Taking a quick look at that website, I am not familiar with 2 of those oils, but the method seems to be cold process liquid soap paste making.  Looks like they just don't dilute the paste.  I would not think a preservative is necessary just like with cold process soap as you are not adding water to it after the paste is made.  They seem to use the paste as is without dilution which would be just a very, very concentrated version of it diluted.  It looks like the resulting paste if very gel like, many pastes come out very hard and you would not be able to use them without diluting them first.


----------



## cm4bleenmb (Feb 17, 2014)

I don't see why that would need a preservative, especially if you use it as a paste. Although I would probably want a way to get it out of the container to use it without getting water into it as you might when using it in the shower. 

I think this recipe sounds interesting but will not be doing much soap experimenting as we are getting ready for a move from MI to CA. If you make this, please let us know how it turns out. 
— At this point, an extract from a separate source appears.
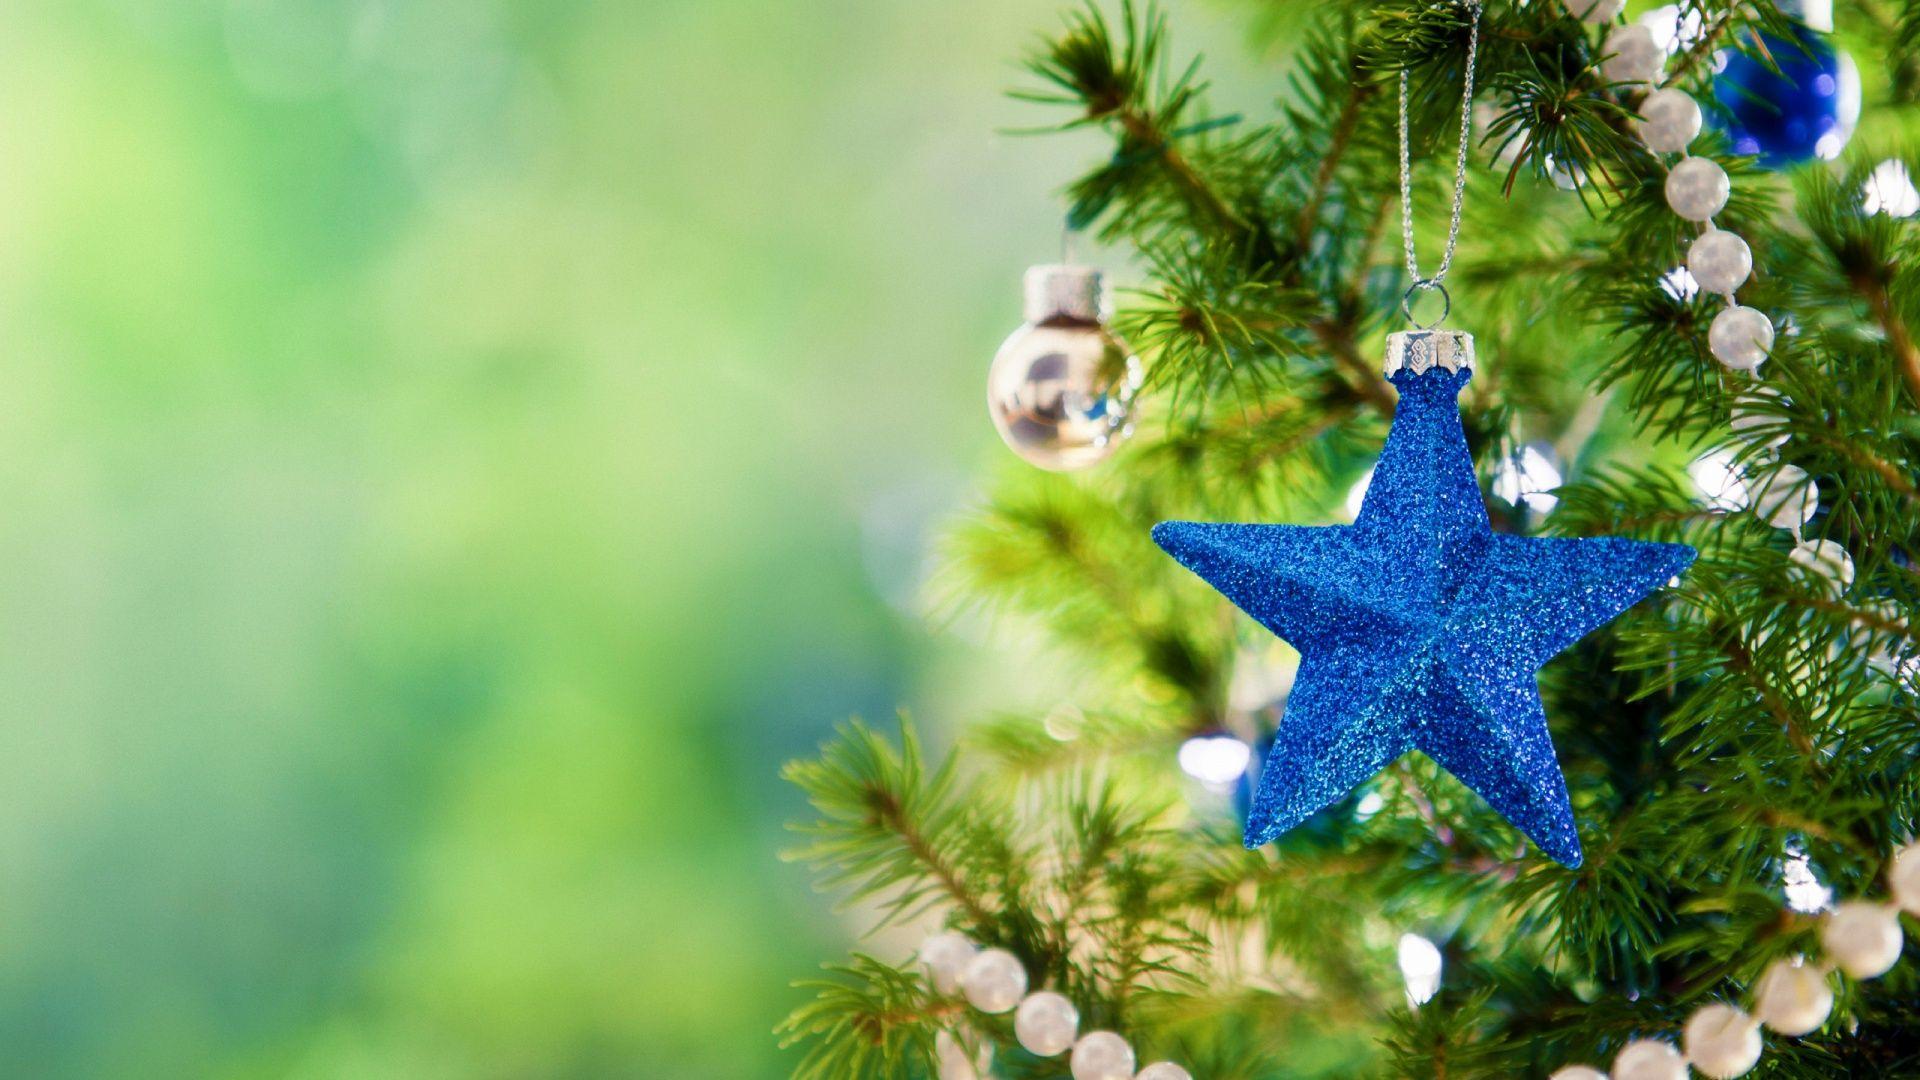 Christmas Tree Hd 1080p Wallpapers Download Fondo De Pantalla Navidad Hd Imagenes De Arbol De Navidad Fondo De Pantalla Navidad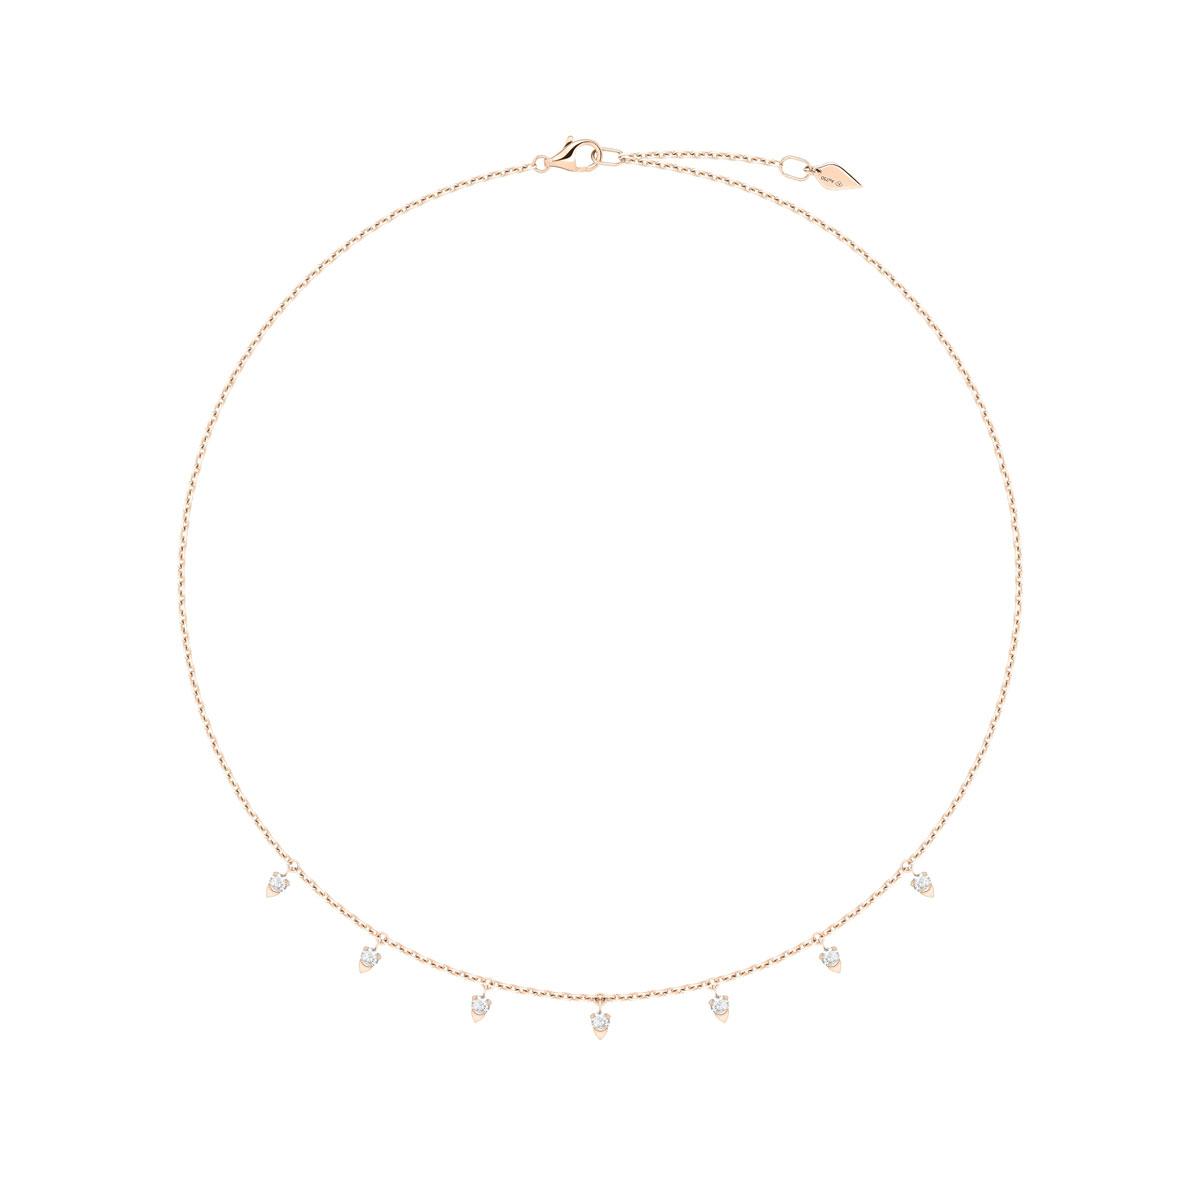 ネックレス〈PG、ダイヤモンド〉¥398,000

One thing that intrigued me is the use of mustard oil, so I looked it up and the claims for it are that it stimulates hair growth, darkens it naturally, and when massaged into the scalp helps with dryness and balding because of it's nutrient content and anti-bacterial and anti-fungal properties. That all sounds good to me but it can be an irritant so you should be careful about it until you find out if you can tolerate it or not. One article recommended putting a drop or two in your belly button before you go to bed so you never have dry or cracked lips. Hmmmm.


----------



## Obsidian (Feb 17, 2014)

Thanks, I was hoping I wouldn't have to use a preservative. I did make this today but I subbed the mustard and camelina oils with avocado and shea butter.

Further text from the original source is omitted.